== INSTRUCTIONS FOR THE TASK ==
An exact copy is required of the lines running from the one that contains "Frances Conway" to the end of the material, both ends included, with pictures omitted.

== COLLECTED DATA ==
==============================

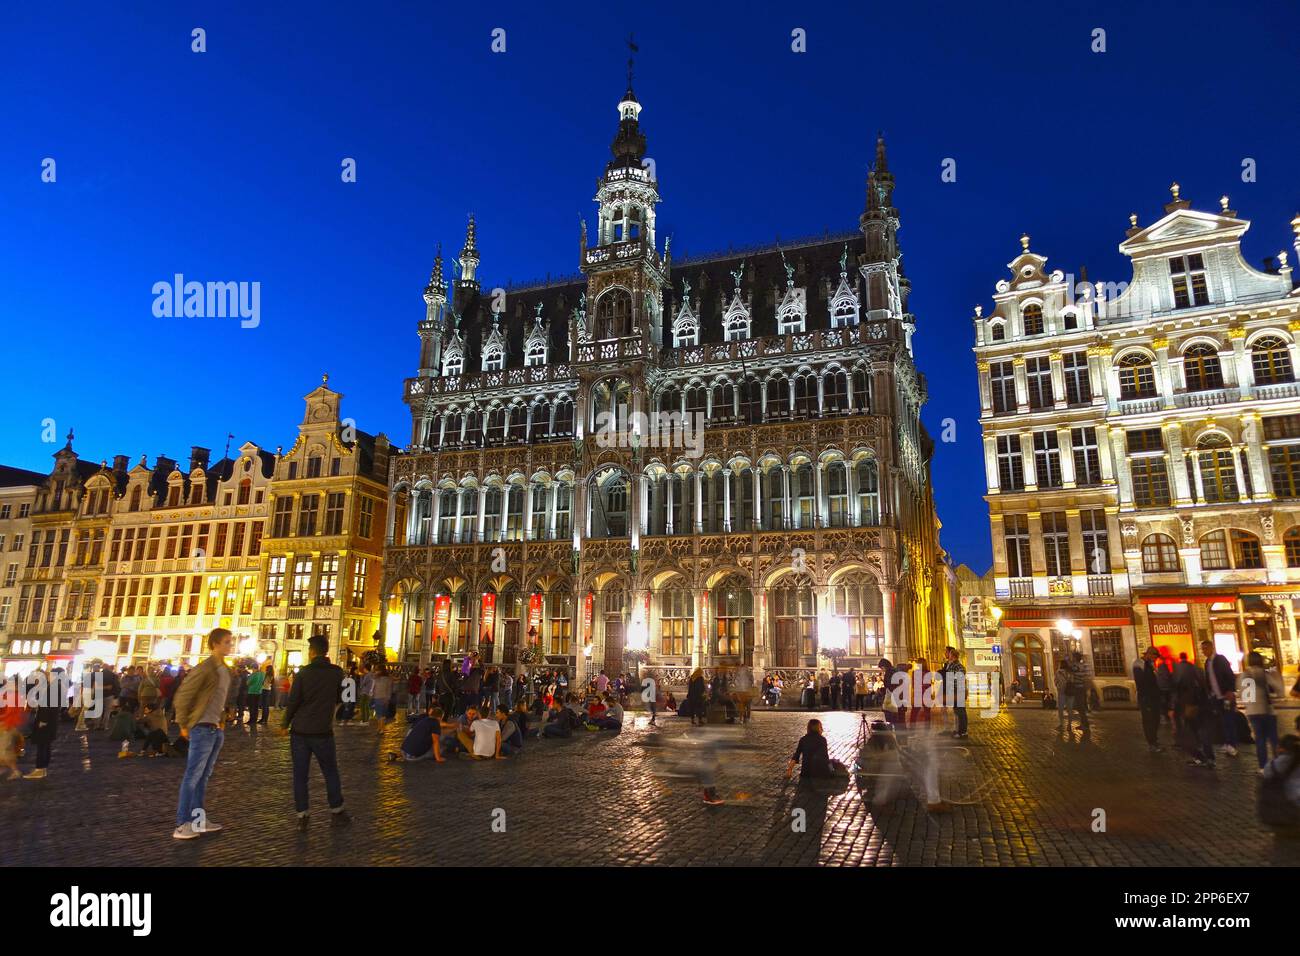 BRUSELAS, BÉLGICA - 4 DE AGOSTO de 2016: La plaza de la ciudad medieval Grand Place o Grote Markt de Bruselas, Patrimonio de la Humanidad de la UNESCO. Foto de stock
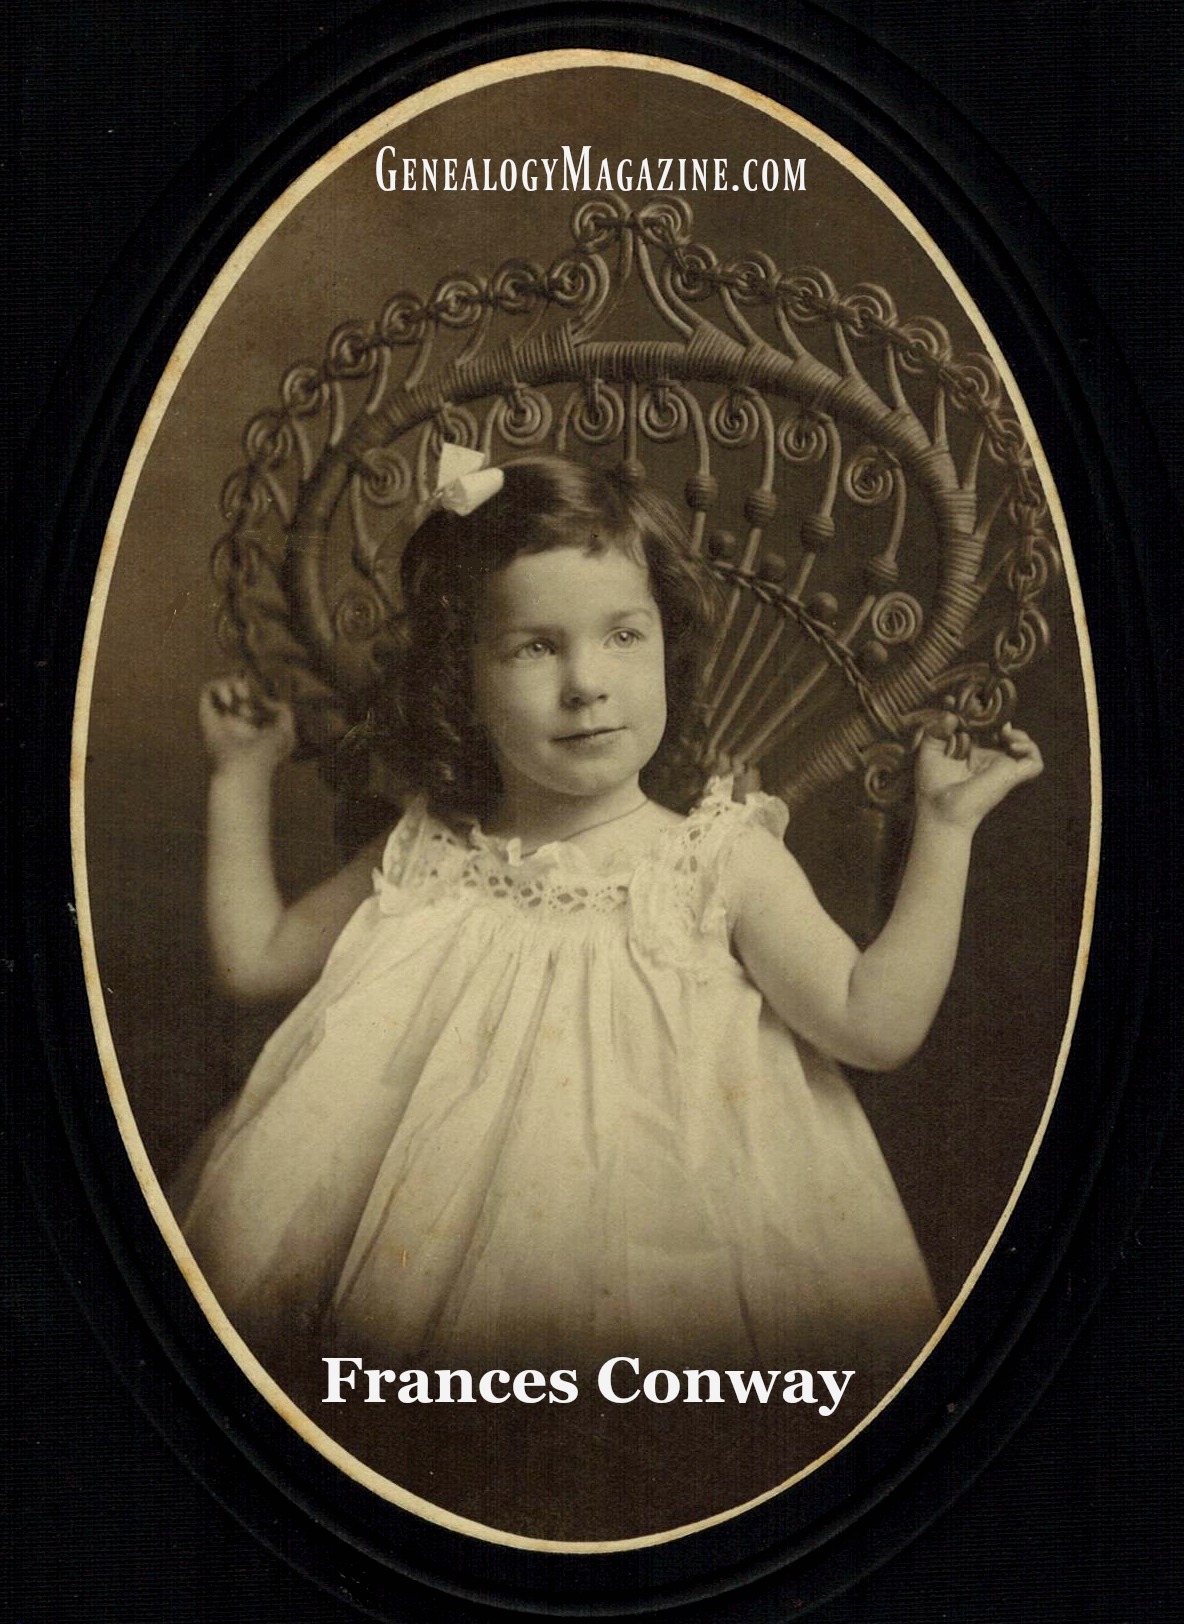 Frances Conway
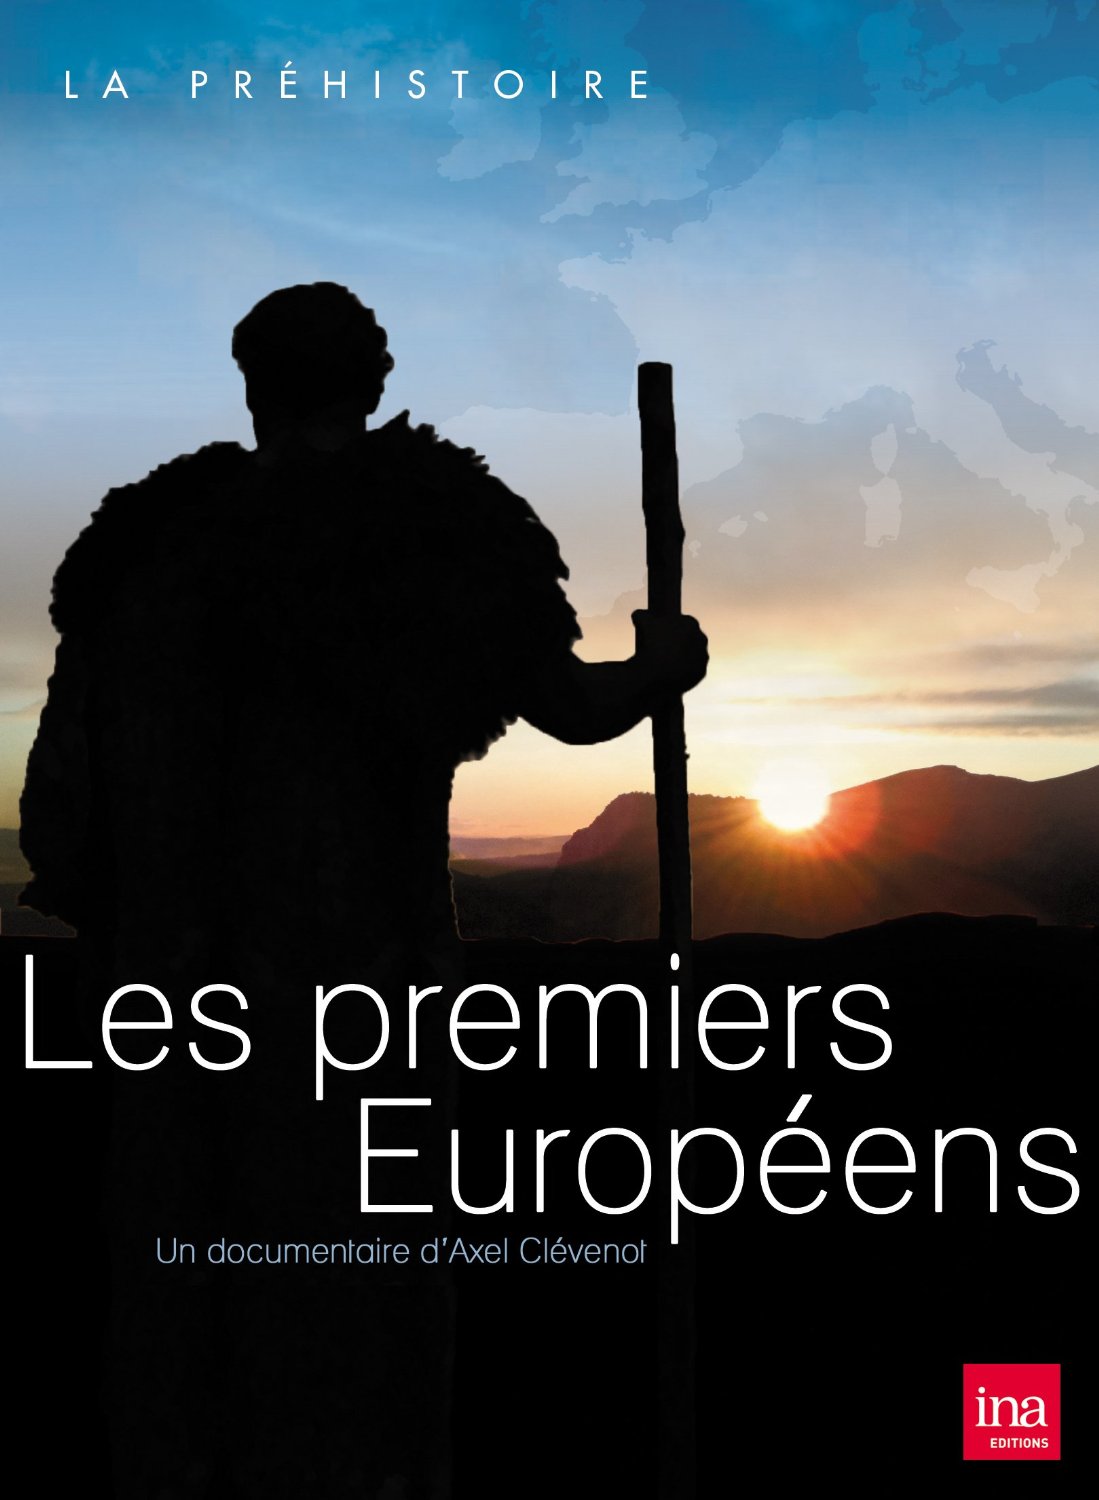 DVD - Les premiers européens, 2010.

==============================

== SOLUTION TO THE PROBLEM ==
 Frances Conway
 DVD - Les premiers européens, 2010.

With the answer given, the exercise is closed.